Canada’s Big Short? Not Likely.

April 28, 2017

By Craig Maddock, CFA, MBA, CFP
Vice President Investment Management

Last week I attended the Annual Forecast Dinner of the Chartered Financial Analyst (CFA) Society Ottawa, together with several hundred other charterholders and their colleagues. Replacing the usual economist panel format was keynote speaker, Steve Eisman.

Eisman rose to fame trading against the subprime mortgage market, and was one of the few money managers who predicted the collapse of the subprime market. His perspective was chronicled in the Michael Lewis book The Big Short: Inside the Doomsday Machine, and he was also portrayed by Steve Carell in the movie The Big Short.

Drawing parallels between Canada’s current hot housing market and the pre-2008 conditions in the United States, Eisman’s message could not have been more timely.

What caused the U.S. subprime mortgage collapse?

According to Eisman, three things are required for a situation to be called a crisis: leverage, concentration (in this case, real estate), and ownership (U.S. banks). At the time of the 2008 collapse, banks considered mortgage loans low-risk investments. The regulatory environment allowed for reporting that masked the true leverage—in other words, things didn’t look as risky as they really were. Meanwhile, bank executives continued to profit from the growth in the U.S. housing market. In Eisman’s words, “They mistook leverage for genius.”

Along came subprime mortgage loans...

Subprime mortgages in the United States were usually issued to borrowers with credit history or income issues. Typically 30-year loans, these mortgages offered a low teaser interest rate for the first couple of years, and then a much higher reset rate. As the teaser rate came to an end, the borrower could refinance at a new teaser rate, starting all over again. Everyone involved in the lending process was taking their fees, but borrowers were not paying back their principal.

And then the cracks began to appear …

Housing prices continued to rise, as they had since the Second World War. Even though mortgages were showing early signs of delinquency, incentives to approve more of these loans and resell them to investors continued to trump ethics and prudence. By August 2007, cracks in the mortgage market were obvious. Those left holding the loans (mostly large banks and brokerage firms) realized the biggest losses, and everything went downhill from there.

What’s the situation today?  

The mortgage market in the United States is in much better shape today, according to Eisman. New regulatory rules have meant deleveraging and de-risking in U.S. banks, and improved consumer protection. Eisman believes we are unlikely to see a relapse of the subprime mortgage crisis in the United States for many decades to come.

But what about Canada’s housing bubble?

Recalling the 2008 financial crisis invites natural comparisons with Canada’s current situation: an inflated housing market and our collective debt load. Obviously a similar event here in Canada could be disastrous for Canada’s banks.
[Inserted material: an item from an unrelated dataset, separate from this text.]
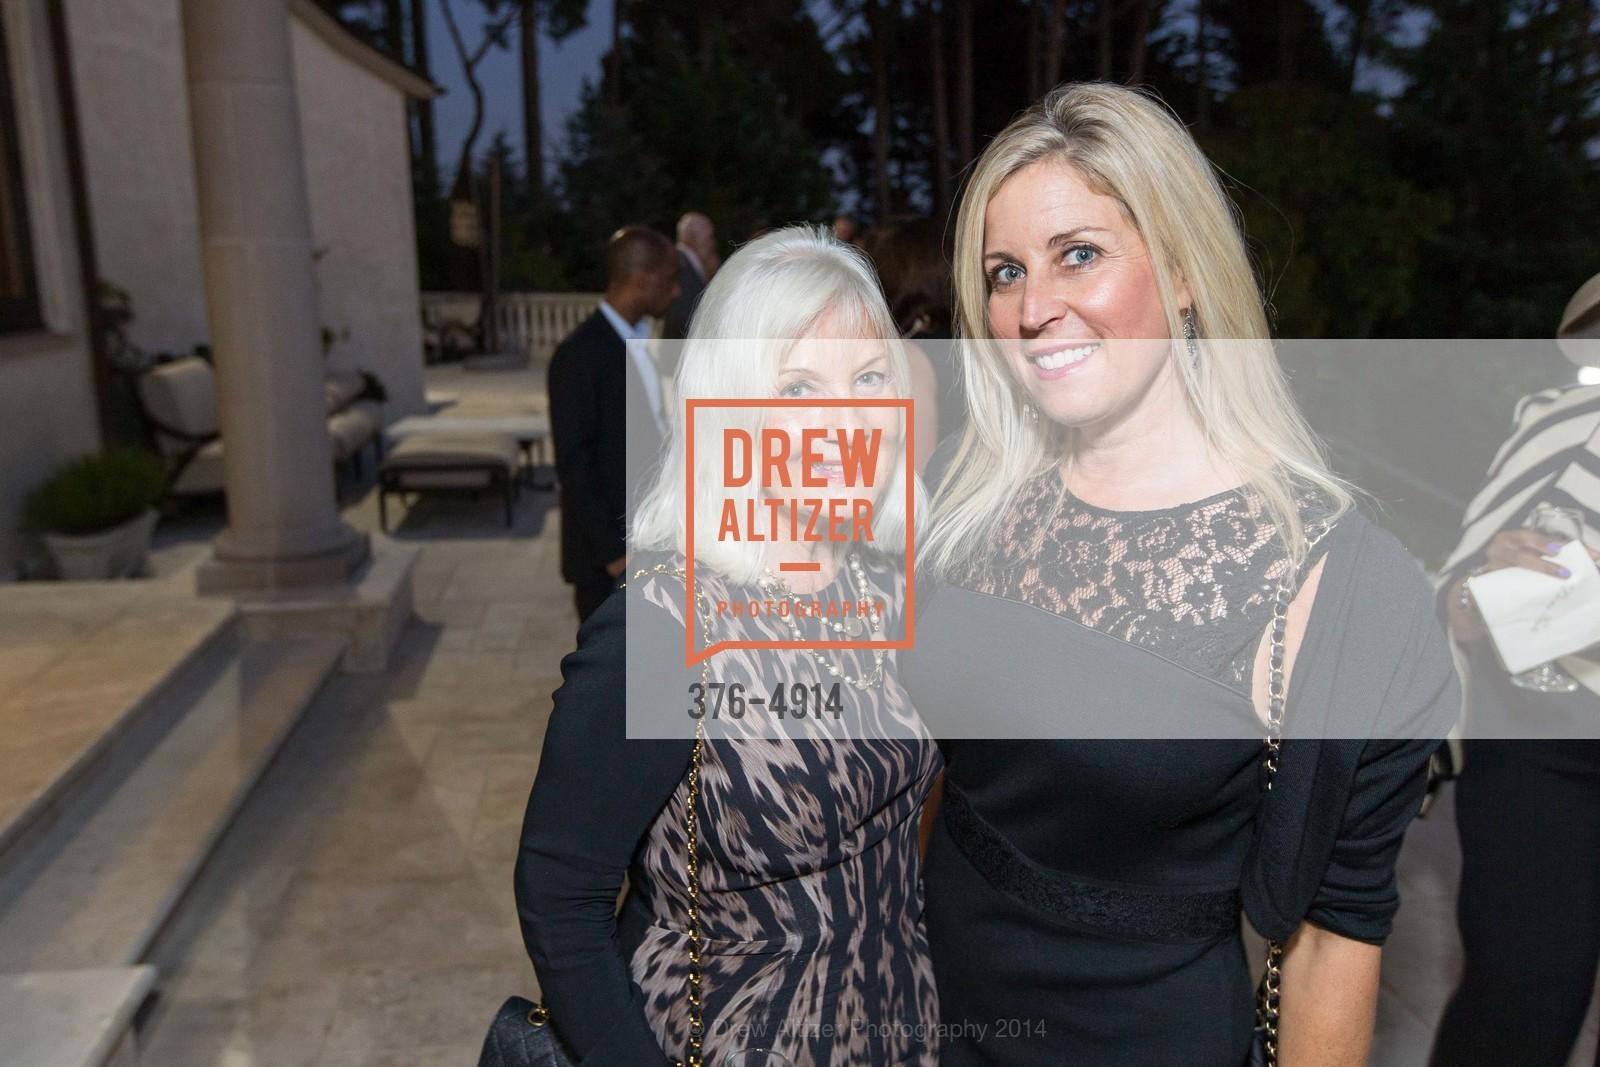 Arlene Inch, Jane Inch, Photo #376-4914

Just this week, Home Capital Group—a small Canadian mortgage company that offers residential mortgages to individuals that don’t meet standard criteria—saw the largest stock drop in its history partly due to concerns over the company’s sustainability and ability to fund itself. Fortunately, companies like Home Capital make up a small share of the Canadian mortgage market and a very small portion of our investments. While Home Capital is facing challenges with its business model, our concerns are not with respect to borrowers repaying their loans. In fact, default rates remain at very low levels.

Why we’re not too worried

Eisman is, however, adamant that we’re not likely to experience anything similar to the U.S. subprime crisis in Canada. I fully agree. In a recent article, we explained why we don’t think Canada is at risk, in spite of our inflated housing market and collective personal debt load.

There are other reasons. Risks are already priced into our market, and we have a very conservative regulator and prudent lending practices at Canadian banks. While one could argue that we’re currently seeing Eisman’s three prerequisites for financial crisis (leverage, a big asset class bubble and the involvement of major financial institutions), the magnitude of these factors pales in comparison with those in play prior to the U.S. subprime crisis.

But, as Eisman so eloquently puts it, “Don’t mistake leverage for genius”. I’ll keep those words in mind while we keep a sharp eye on leverage levels and maintain prudent risk exposure in our portfolios as Canadian house prices continue to rise.